It is also possible to use a fine bubble generator equipped with

  With such a configuration, the microbubble generation unit is put into water and the drive unit is operated, and the fluid swirling is performed only by supplying air from a gas pump arranged on the water or on the ground to the microbubble generator. A fluid swirl flow is formed in the room, and water mixed with fine bubbles generated thereby can be supplied into the water, so that the fish shellfish cultivation method can be easily implemented. The micro-bubble generator has a structure in which the micro-bubble generator, liquid pump, and drive unit are integrated. Therefore, the piping that serves as the water introduction path can be minimized, and the equipment can be simplified and miniaturized. You can plan.

  According to the present invention, it is possible to promote the growth of fish and shellfish without adversely affecting the natural environment, deteriorating the bottom sediment and water quality, and effectively utilizing the farm. Will be able to.

  Hereinafter, embodiments of the present invention will be described with reference to the drawings. FIG. 1 is a schematic configuration diagram showing a fish and shellfish farm using the fish and shellfish cultivation method according to the embodiment of the present invention, and FIG. 2 is a partially enlarged view showing a management system in the fish and shellfish farm shown in FIG.

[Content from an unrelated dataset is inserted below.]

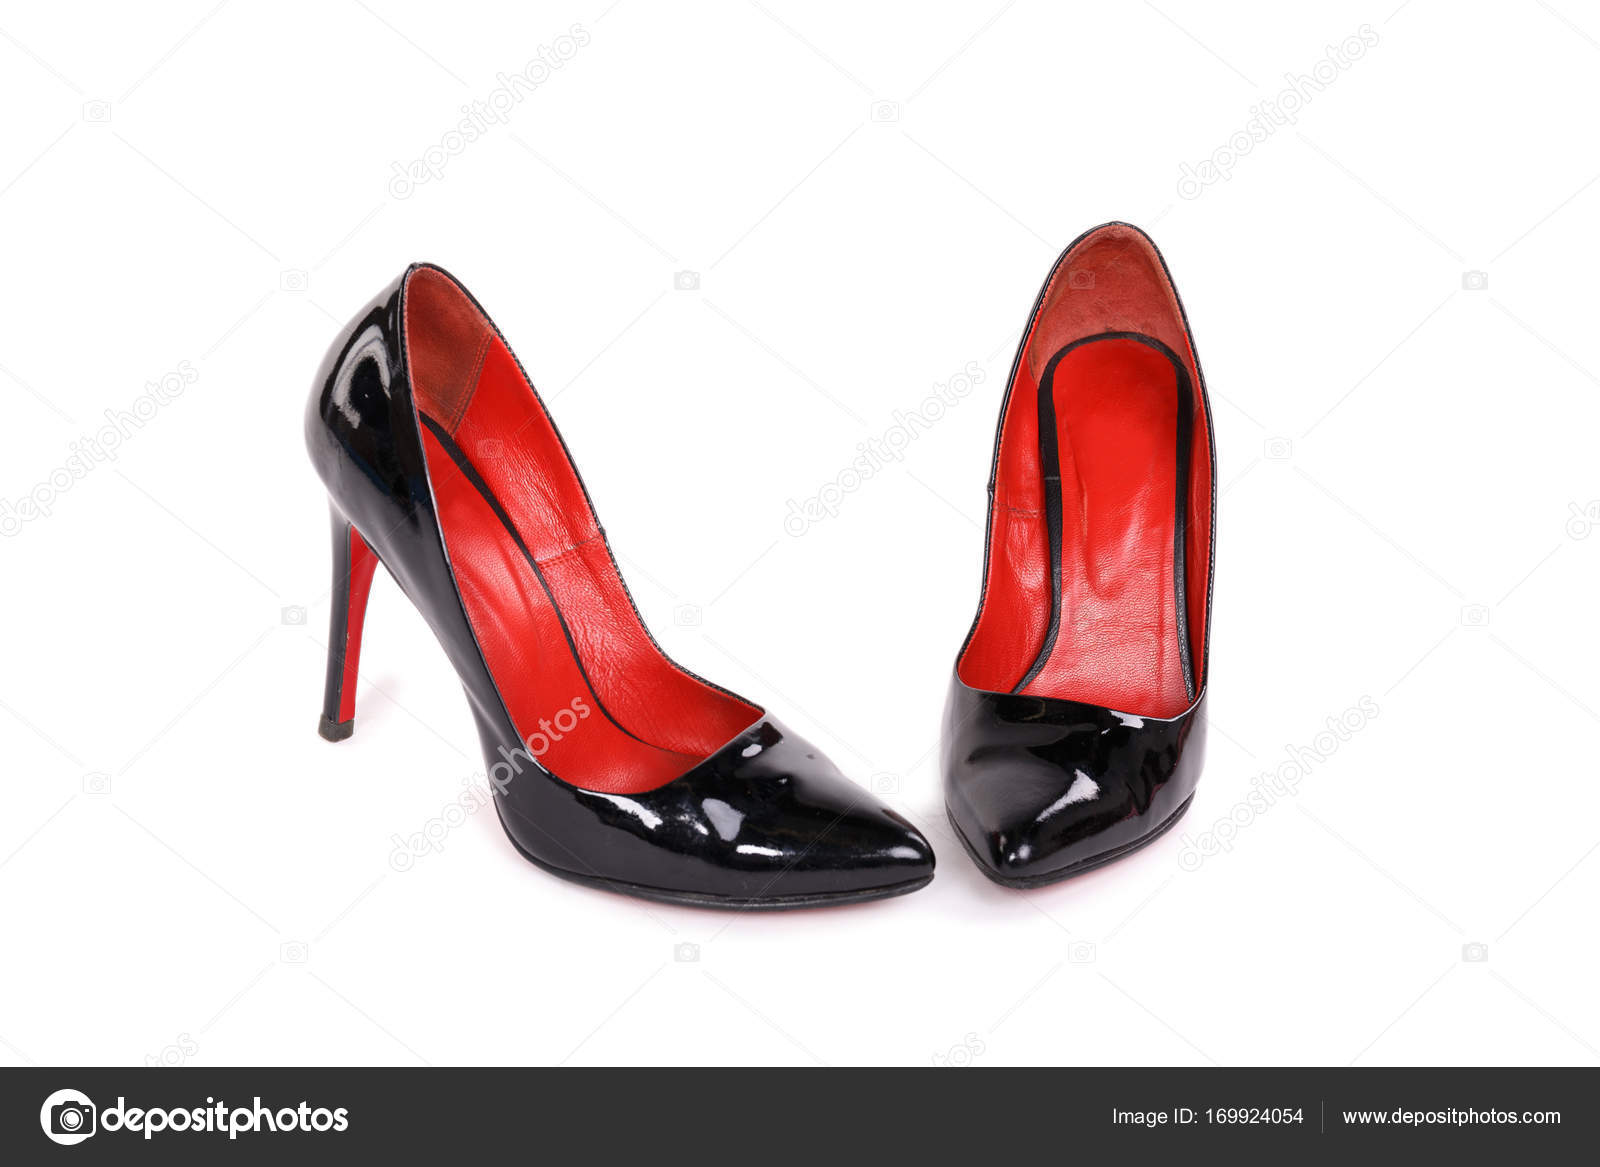 Fashionable shoes. Black and red shoes on a white background Stock

  As shown in FIG. 1, the fish farm 80 according to the present embodiment includes a cage 50 formed in a certain sea area and a cage 50 formed by a net 52 disposed under the sea, and the cage 50. And a management system 70 provided on the ridge 71 arranged adjacent to each other. A large number of carp 53, which are cultured fishes, are bred inside the net 52 of the ginger 50, and the fine bubble generating part 1 is arranged in the sea, and a large amount of cormorant is located at the bottom 54a of the sea area where the ginger 50 is provided. (Capitella sp. 1) 55 is distributed. Thereby, in the fish farm 80, the fine bubble generation part 1 is in the seawater W on the bottom part 54a, which is the distribution area of the carpenter moth 55.

  Itogokai 55 is a diver who dives into a plastic bag with about 800,000 to 1,600,000 individual cultivated colony together with sand as a culture substrate, and then breaks the vinyl bag near the bottom 54a. A cypress culture colony is gently spread on the bottom 54a together with sand as a culture substrate. According to the result of the water quality observation of the seawater W in the fish farm 80, the time when the organic sludge concentrates and accumulates on the bottom 54a occurs when the summer stratification collapses and vertical mixing occurs. Is known. Therefore, it is considered that the distribution of the cultivated colony at this time is the most effective timing for purifying the organic sludge 54b.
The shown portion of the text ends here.